Yesterday I talked with Natalie, our caseworker at Gladney, for about an hour and a half. She helped me fill out more paper work and answered lots of questions. She is so nice, helpful, and responds so quickly to email...LOVE it! She also walked me through the next several stages of our process and what all goes into those and what will happen. Here is a general breakdown of what I learned.
We are still waiting for our approval letter from the US Dept of Citizenship and Immigration Services and our appointment to go be fingerprinted. We should be getting this anytime in the next 2-3 weeks. We will send a notarized copy of this letter to complete our dossier. (dosser- fancy word that means gigantic amount of super duper official, certified paperwork that gets translated and sent to Ethiopia) The dossier is different from the adoption application because the application goes to our agency and stays there. The dossier goes to Ethiopia and basically becomes our file there.
The other crazy part about our dossier is that it has to be authenticated 4 times! Basically signed off by someone official 4 times. The first one is a local notary. Thanks to Liz for helping us out big time at Amber Contracting! The next three are the Secretary of State, US Dept of State, and Ethiopian Embassy in Washington, DC. After that it is sent to Ethiopia to be translated by Gladney's in country representatives into Amharic.

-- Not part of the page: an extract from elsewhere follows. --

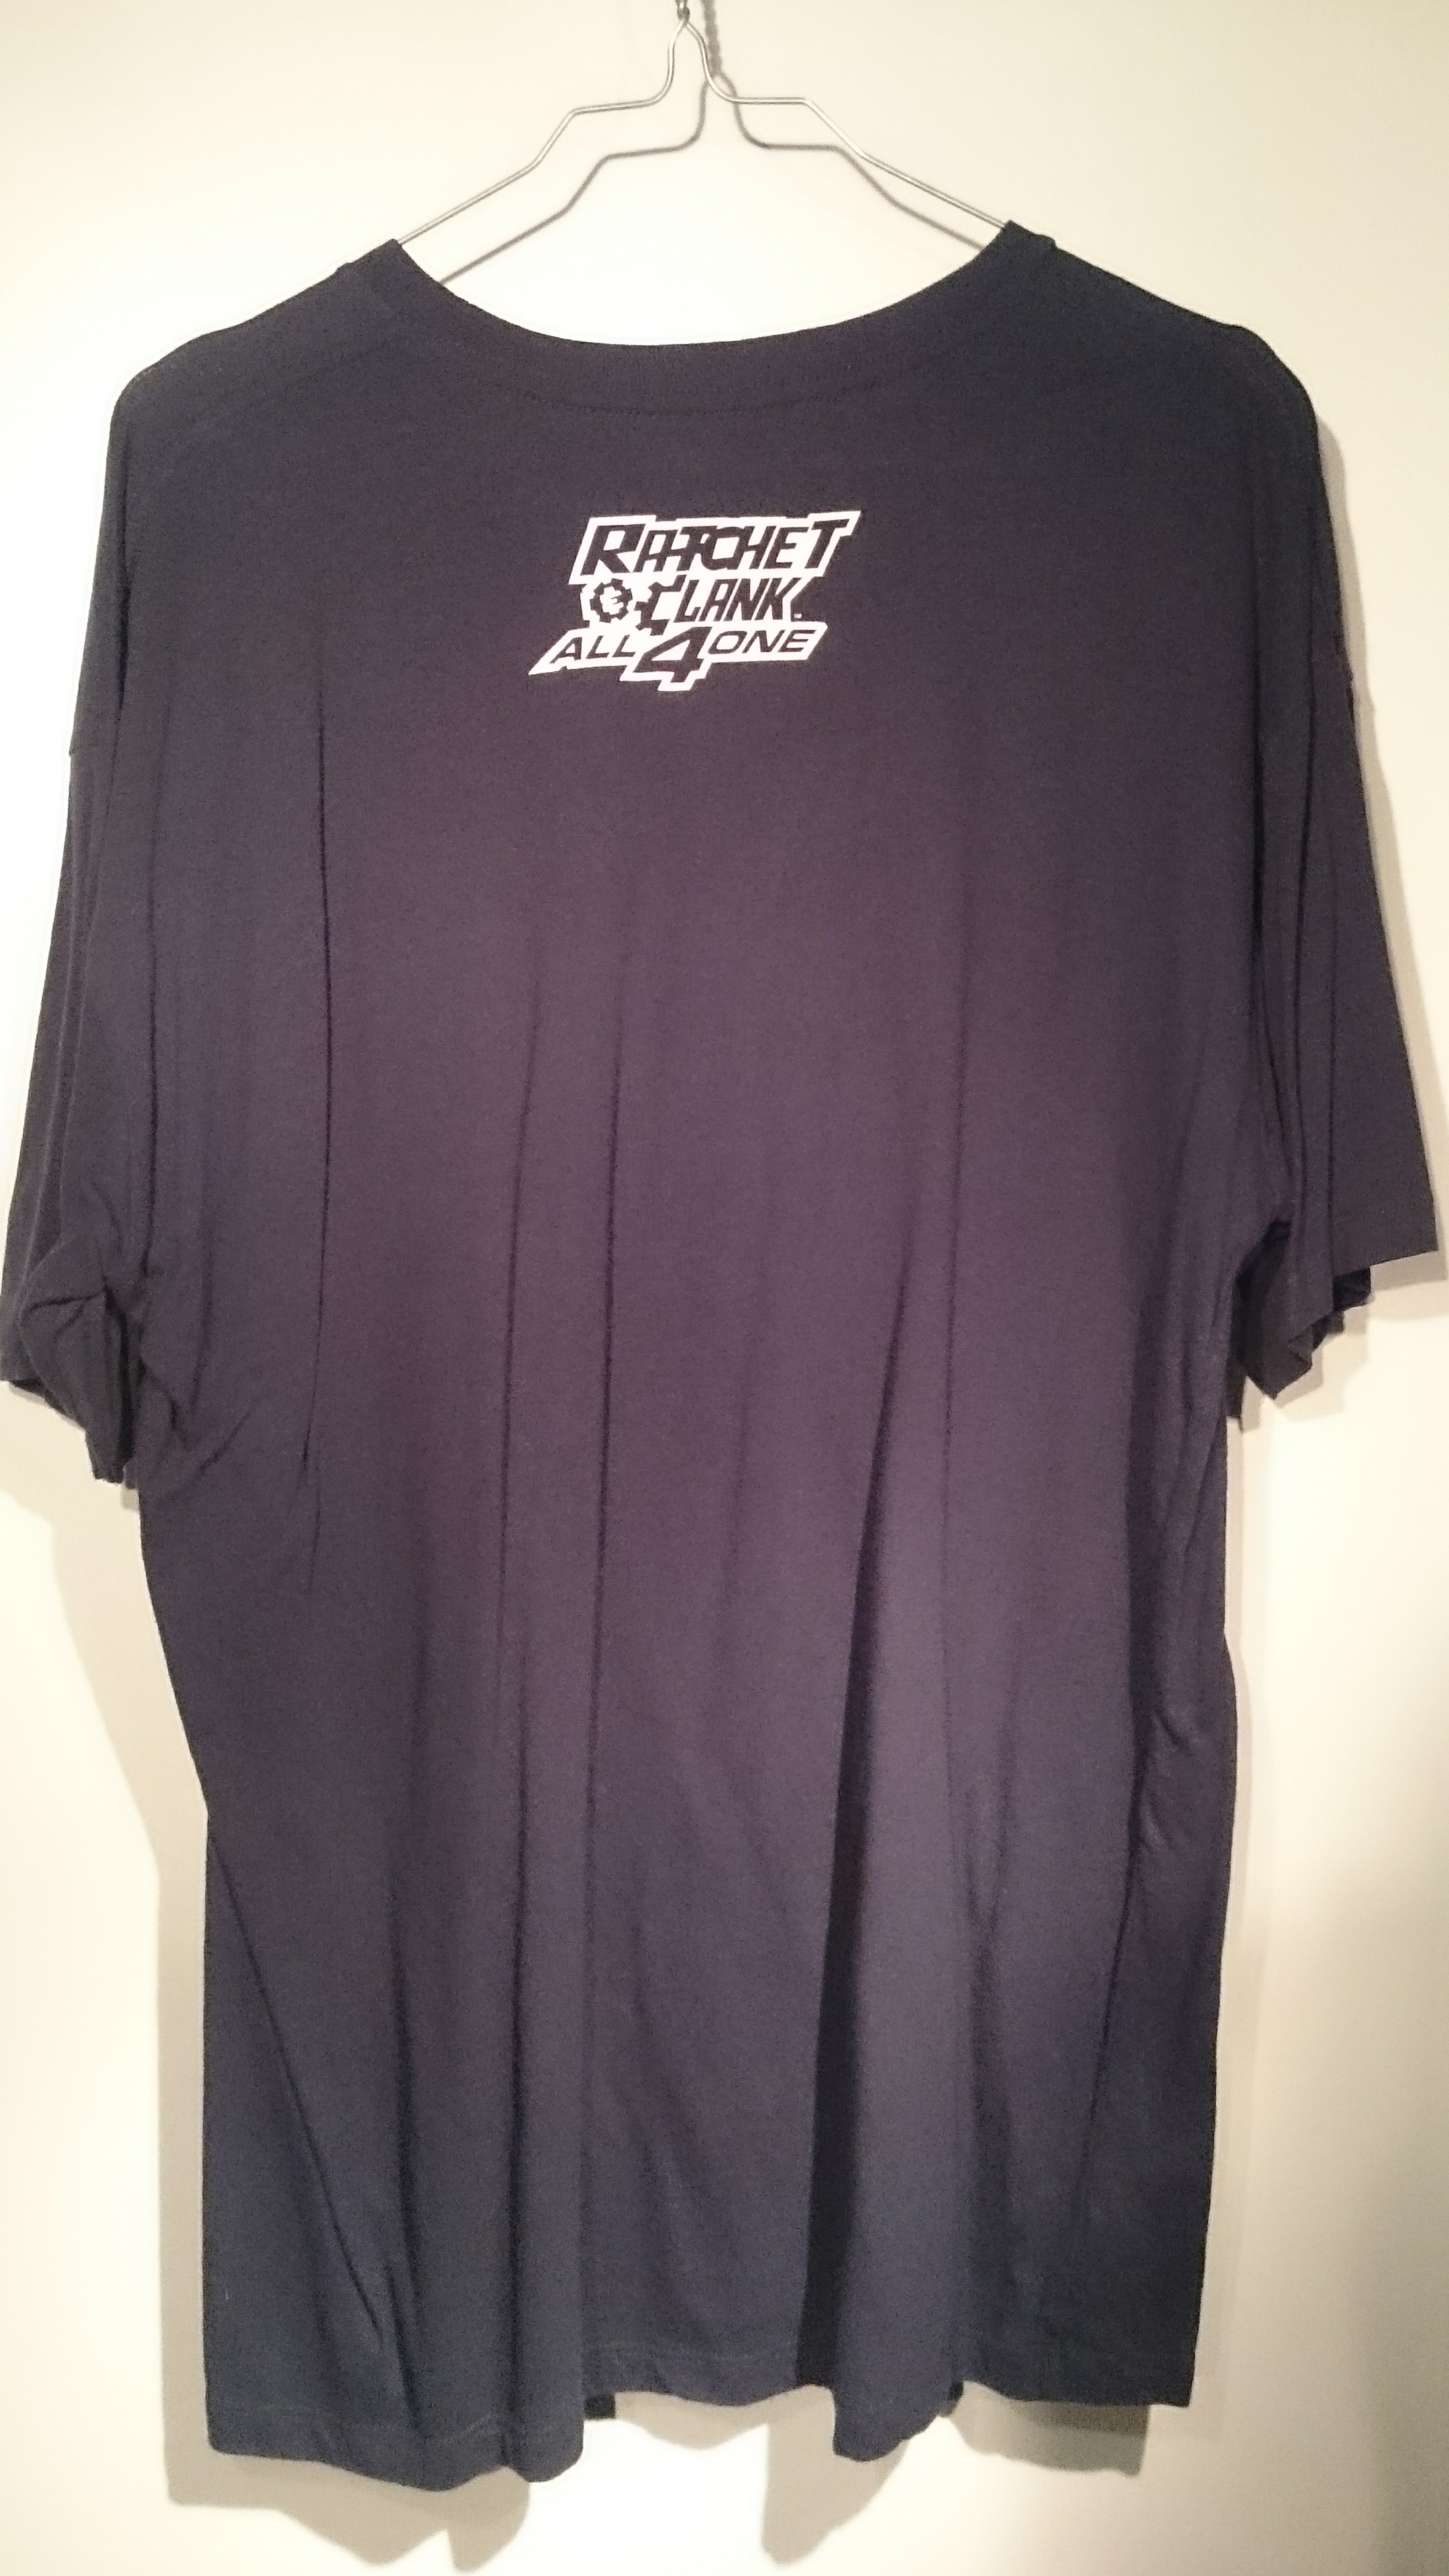 T-shirt Ratchet & Clank All 4 One - Clothes - Merchandise - Ratchet Galaxy

Once our dossier gets to the Ethiopian embassy in DC we officially go on to the waiting list for a child to be referred to us. Right now for a child 0-12 months (which is our preference) the wait is about 9.5 months. I asked Natalie what takes so long and here is what she told me.
Gladney (our adoption agency) has contracts with 6 orphanages in Ethiopia. 3 government ones and 3 private ones. There are a large number of people adopting right now which slows the process down although this is a good thing. Another good thing is that there are constantly increased requirements and more checks/balances to make sure everything is legit. While there is a huge number of orphans in Ethiopia - not all of them are available for adoption. Some of them still live in their communities or in other awful places, not in orphanages. In addition there are children that are in orphanages that haven't be relinquished by their birth family. (this is appalling to me!)
More that I learned to come..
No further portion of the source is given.